Dave laughed and looked off into the distance, his mind clearly on Gretchen, on how the night he was planning for her would play out. Julia grabbed the pen they’d been using and squeezed in the word orchestra in between two lines, then drew an arrow to show when the music would start to play, right after Gretchen saw Julia’s car, right before the kiss. Never pine silently, she thought to herself and smiled, because she was doing exactly what they were supposed to be doing. Not doing. Sometimes doing.
“You know,” she said, “I think we can add more to this list. There are a few clichés we haven’t touched on yet. How do you feel about showing up in a whipped-cream bikini?”
“That might be a little too over-the-top.”
“What if the orchestra members are all in whipped-cream bikinis?”
She could do this the whole day, plan something out with him, pretend that, like the snow fort they’d designed freshman year, it would never come to fruition. It was just her and Dave at the pizza place. No matter how many families crowded nearby, how many kids from school waved to them from other tables, no matter how many times Gretchen’s name was scrawled on the sheet of paper in front of them, it was just her and Dave, like it always had been.
THE PROMPOSAL
A WEEK OF planning later, Julia was outside the school with Brett, waiting for the bell to ring. She was clenching a section of white string in her hand, and she stared at it sloping upward from the gray asphalt of the parking lot, swaying slightly in the breeze. She was incredibly proud of this string, despite all the clichés it would lead to, or rather, because of them. Because her tongue was planted firmly in her cheek, because her mom would approve of this, because she’d done all of it for Dave and none of it for Gretchen.
“It is stupid hot in here,” Brett said from inside the teddy bear costume they’d rented for him.
“Don’t you dare take off that mask,” Julia said, snapping a few pictures of him on her phone for later blackmail use. “You remember your lines?”
“How dumb do you think I am? It’s a sentence.”
“You’ve never really been good with words, Brett.”
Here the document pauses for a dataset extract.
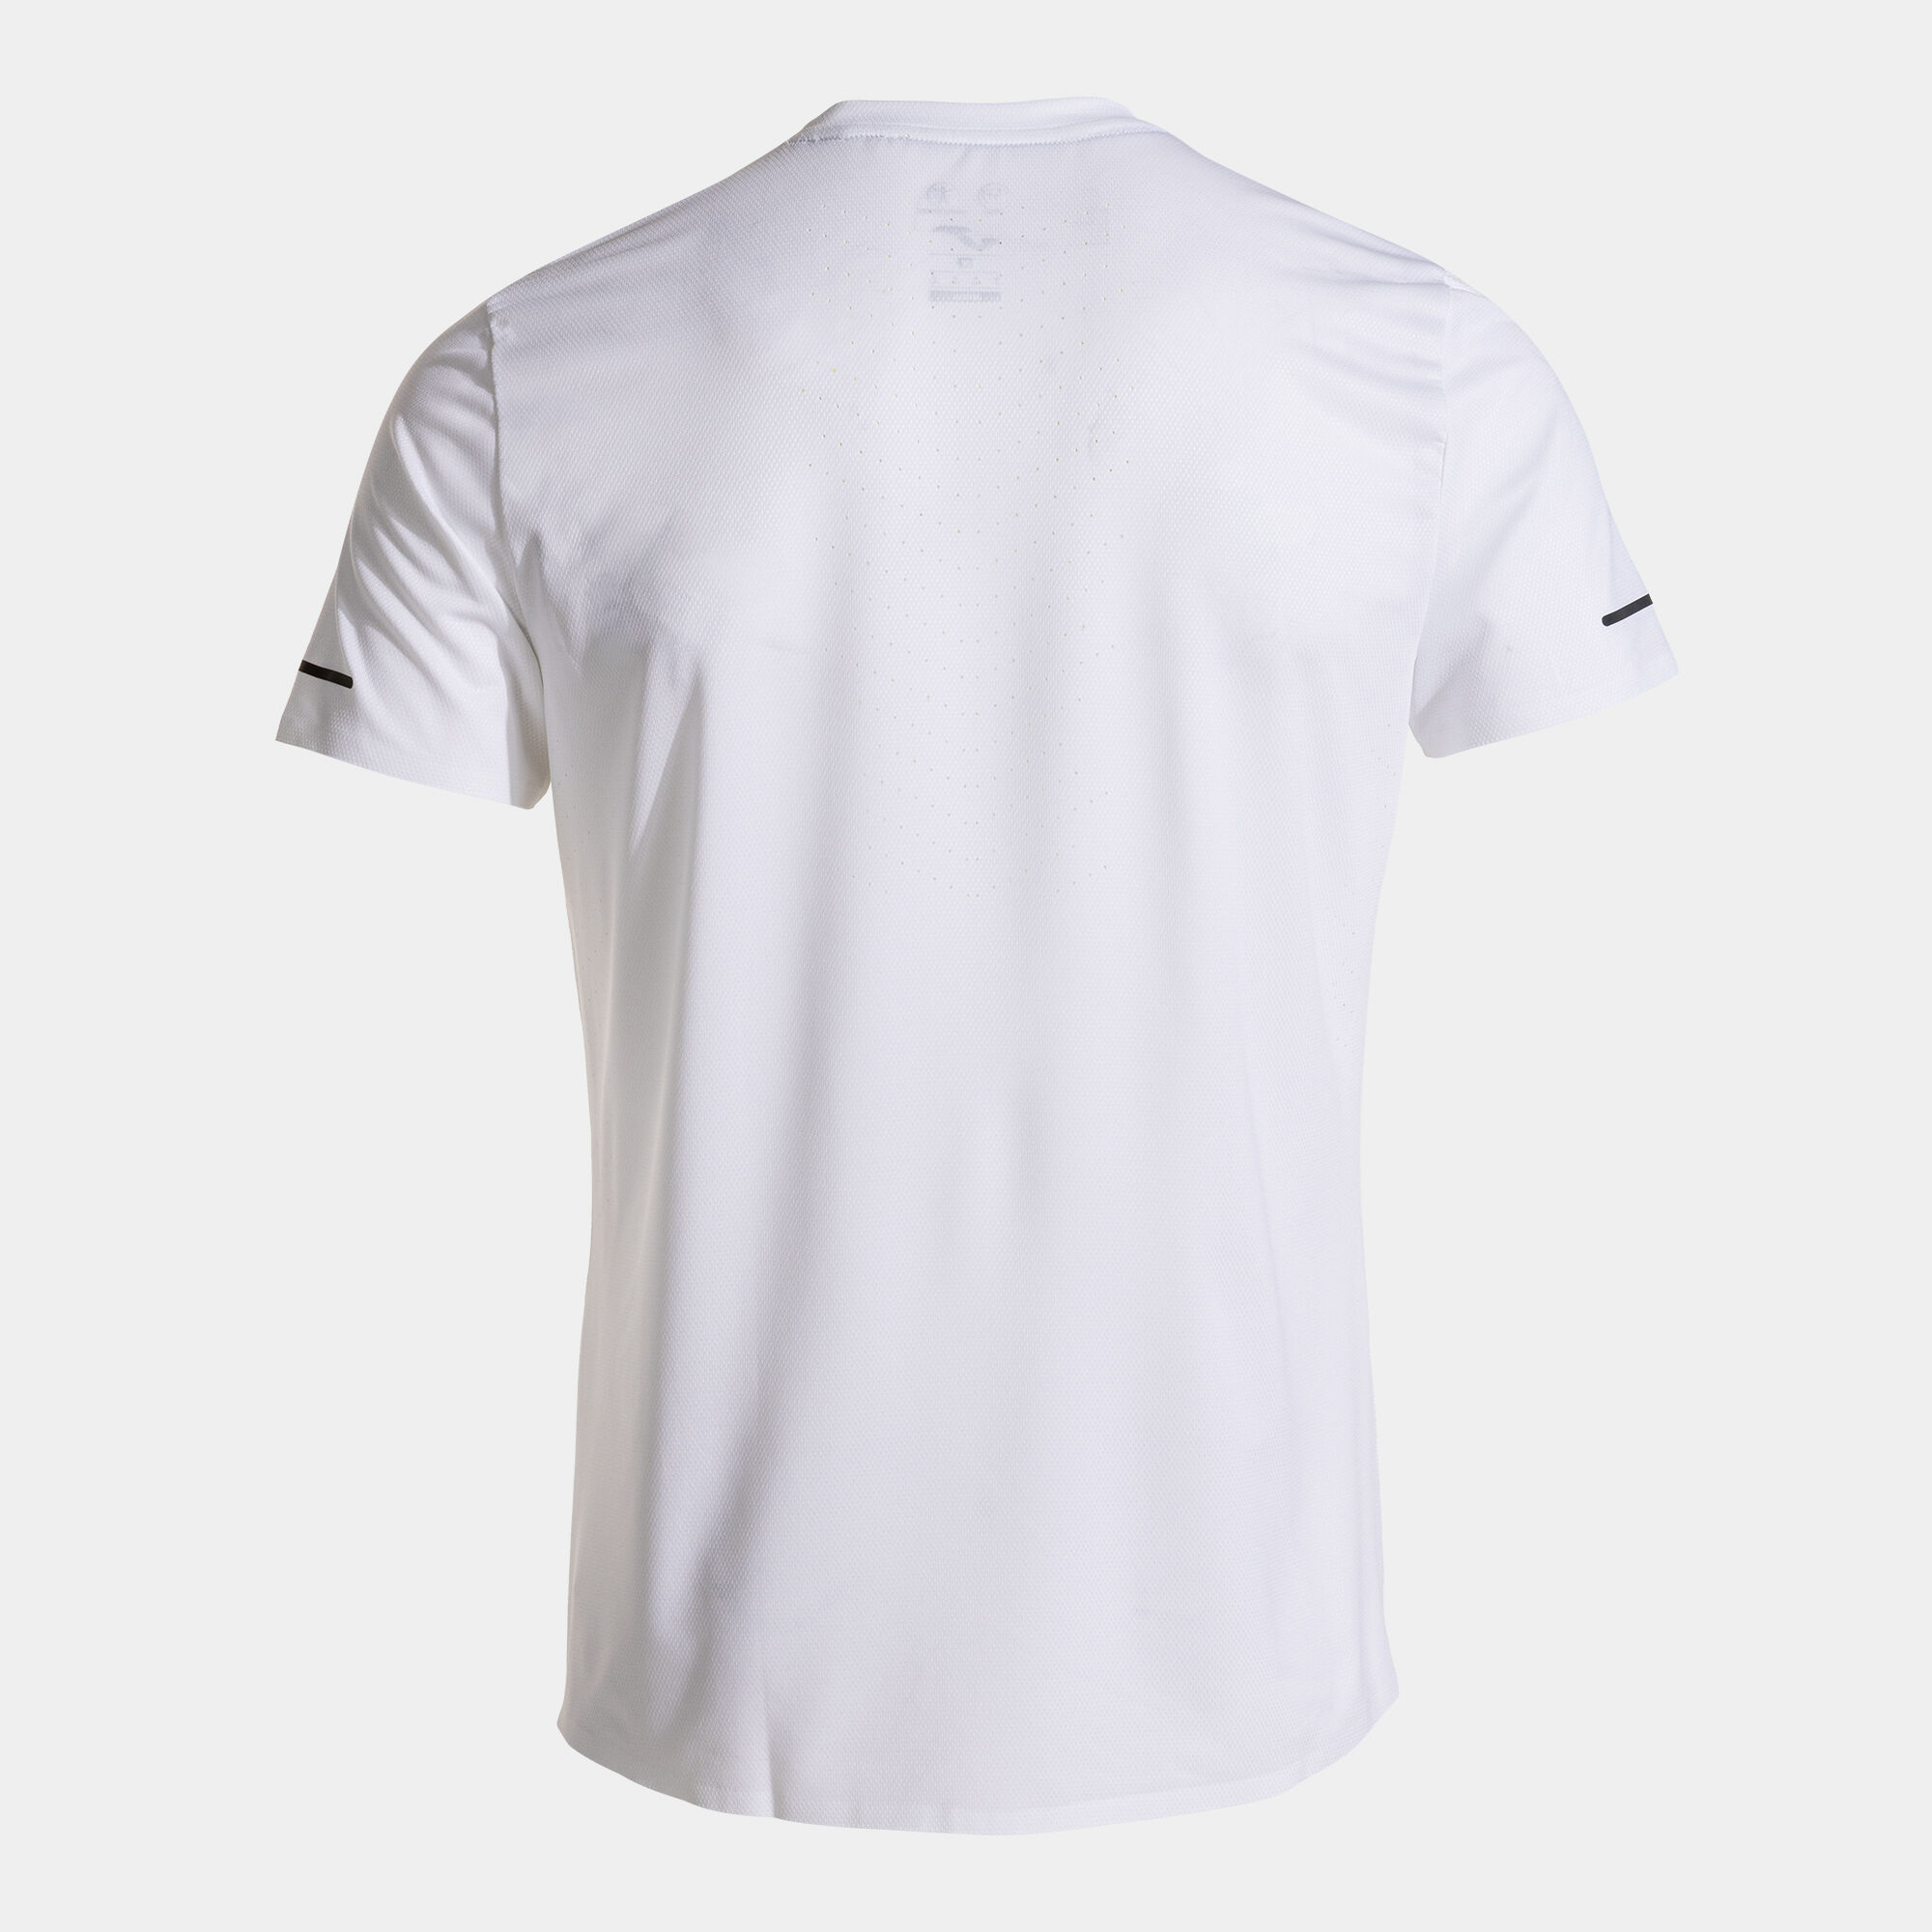 Camiseta manga corta hombre Ranking blanco

“And you’ve never been good at interacting with humans other than my brother. People change.”
“I don’t know. I’m still pretty iffy about how to talk to non-Daveians. ‘Iffy,’ by the way, means unsure, suspect.”
The school bell interrupted Brett’s comeback. “Okay, get in position.” She called Dave’s cell phone as she pulled the string taut. One end was tied to Gretchen’s car door, the other led to a tree at the park down the hill. Julia had skipped her last two periods to set it up, and now she was hiding behind Brett’s truck to make sure Gretchen would follow it. Dave’s handwritten signs hung along the length of the string. Meanwhile, Brett waddled in his bear suit to the halfway marker, a single rose in his hand.
“I still think we should have gone for the walkie-talkies,” Julia said as soon as Dave answered. “It feels lame this way.”
“Walkie-talkies are expensive, shitty, two-way cell phones. You guys all set?”
“Yup,” Julia said, eyeing the crowd just now coming through the double doors of the school for Gretchen’s blond waves.
“Okay, I’ll see you at the harbor. You sure it’s okay for me to take the car?”
Julia looked across the lot at her formerly white Mazda. She’d joked about Dave’s newfound popularity, but it was incredible what a couple of text messages had achieved, how quickly the word spread, the number of people that had shown up to write on her car. She didn’t credit herself, or the tree house. This was all Dave. As much as she wanted to keep him to herself, Julia loved knowing that this was for him. He deserved to be liked this much, this widely. “If you don’t take it, the three thousand ‘you should go to prom with Dave’ messages will be kind of pointless.”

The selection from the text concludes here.